Assigned task: Make an exact copy of the listing, without images.

Data excerpt:
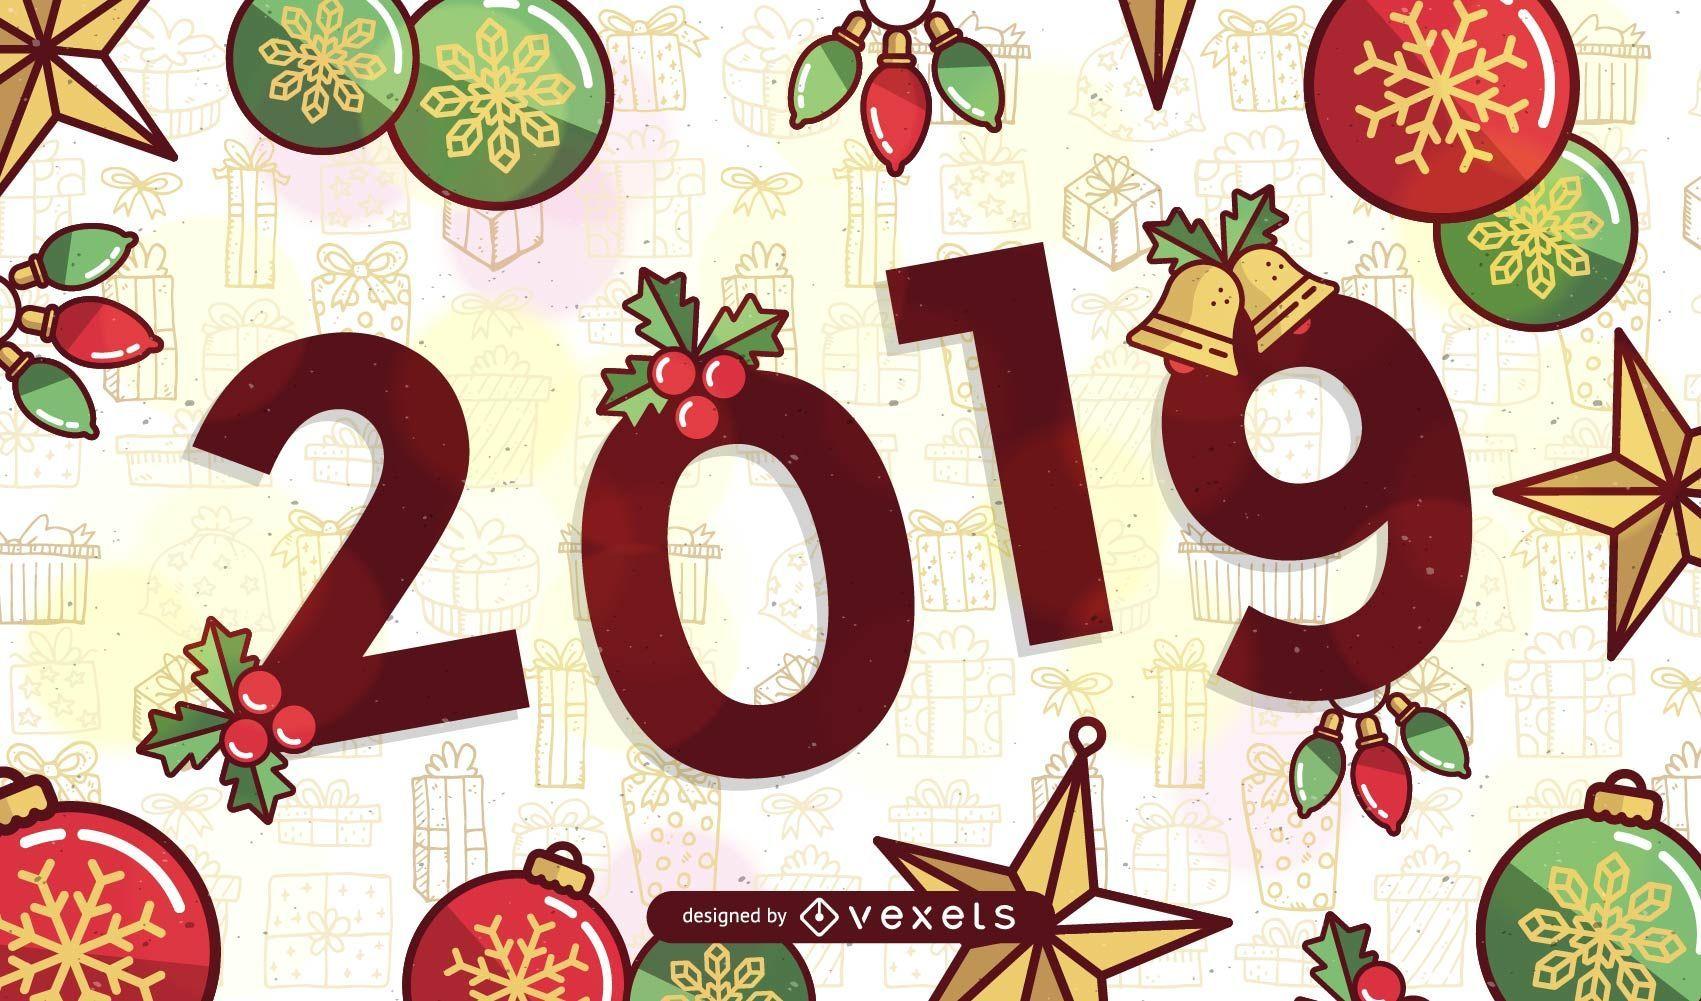 2019 Christmas.2019 Christmas Design Vector Download
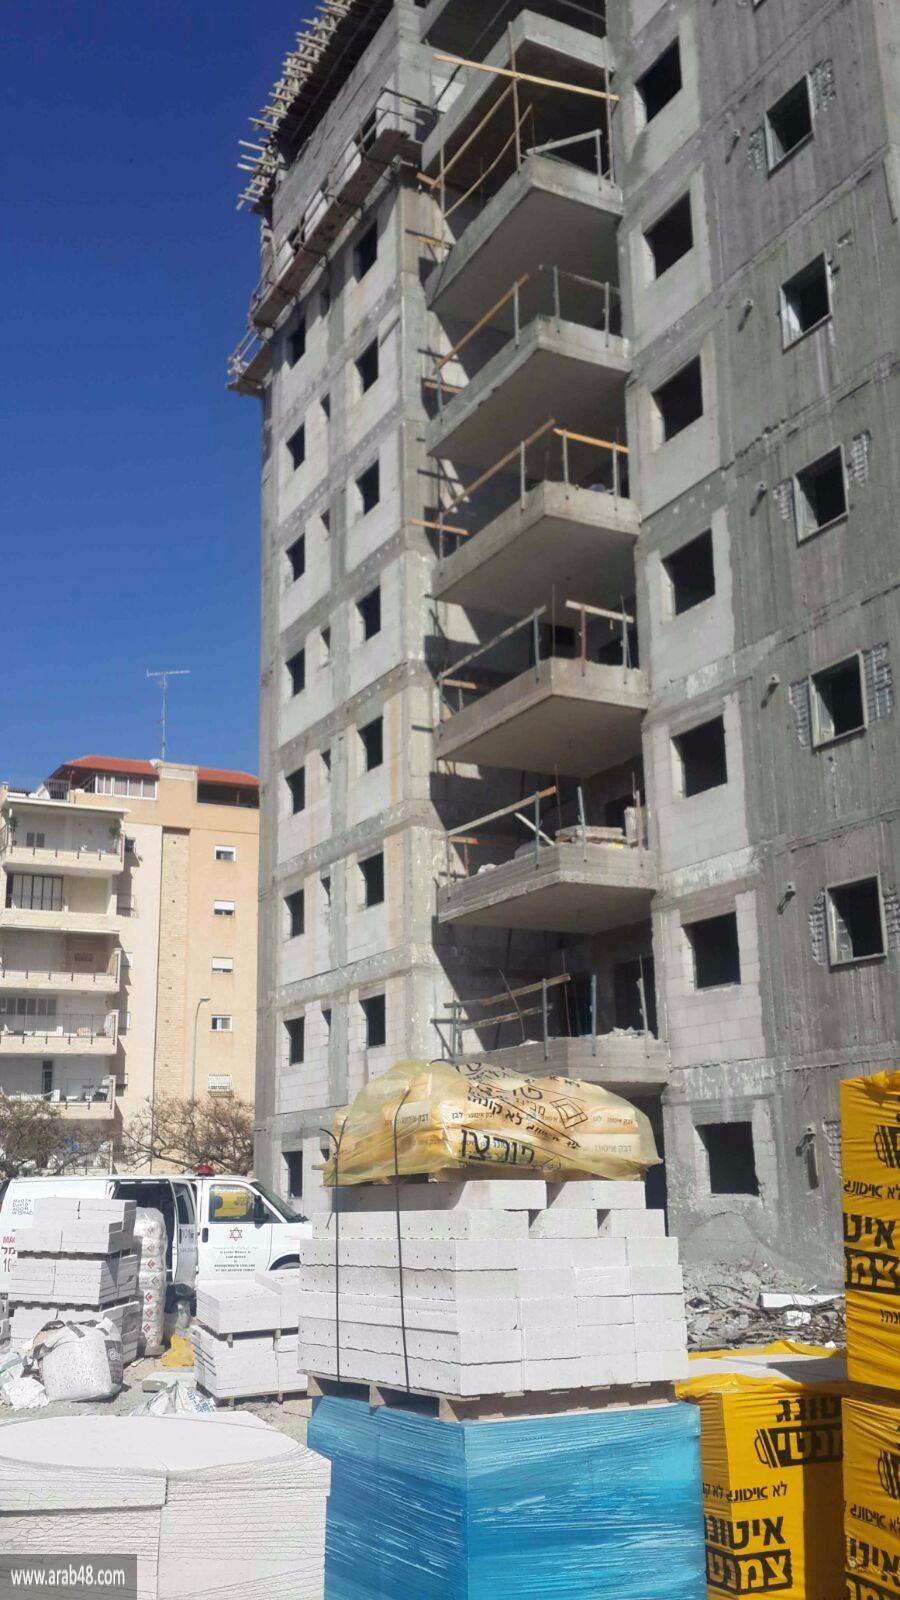 مصرع عامل من دير حنا إثر سقوطه بورشة عمل بمنطقة حيفا
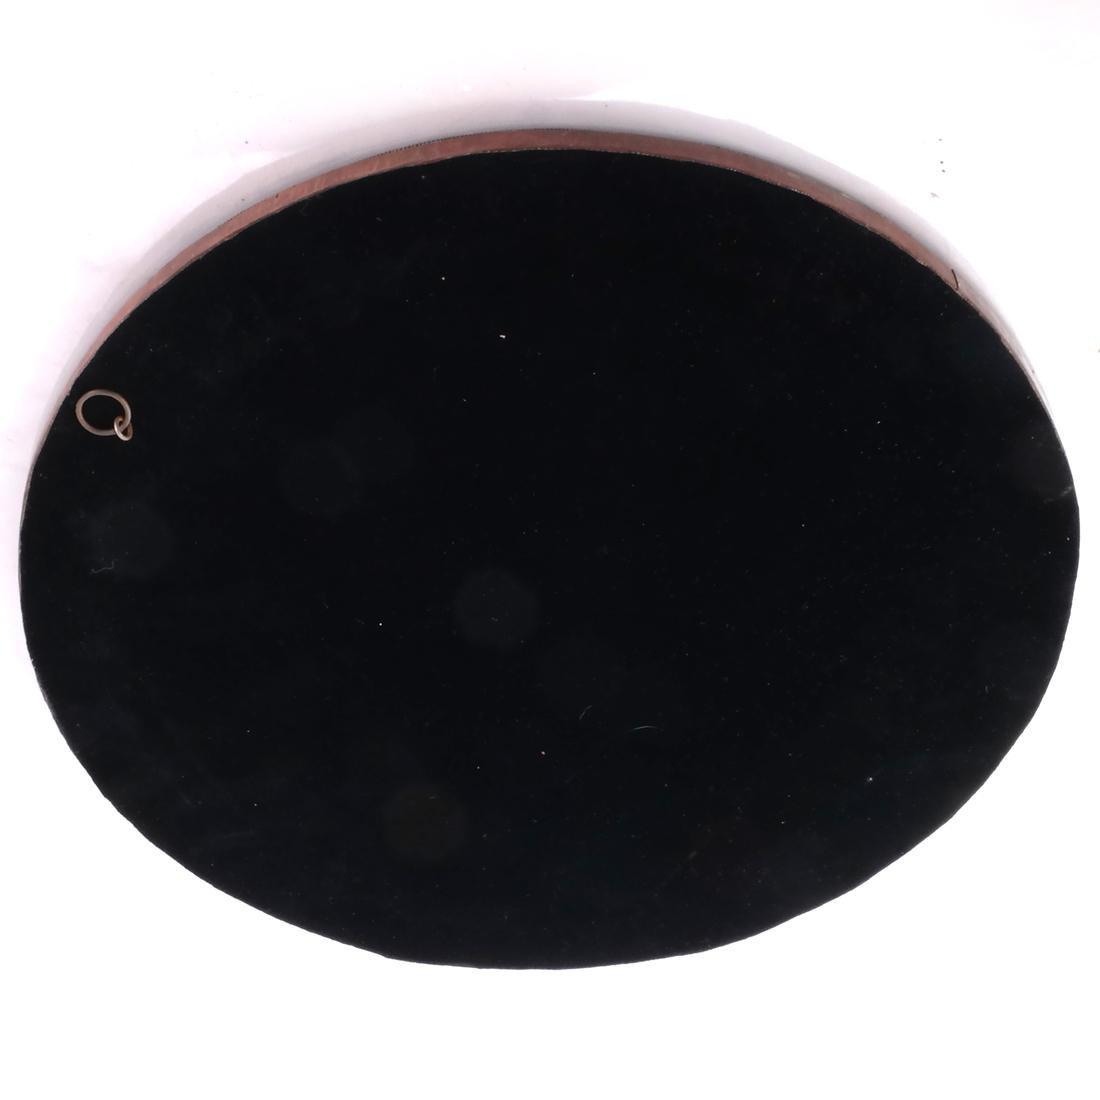 Tessellated-Style Circular Mirror - 3

Answer to this problem:
 2019 Christmas.2019 Christmas Design Vector Download
 مصرع عامل من دير حنا إثر سقوطه بورشة عمل بمنطقة حيفا
 Tessellated-Style Circular Mirror - 3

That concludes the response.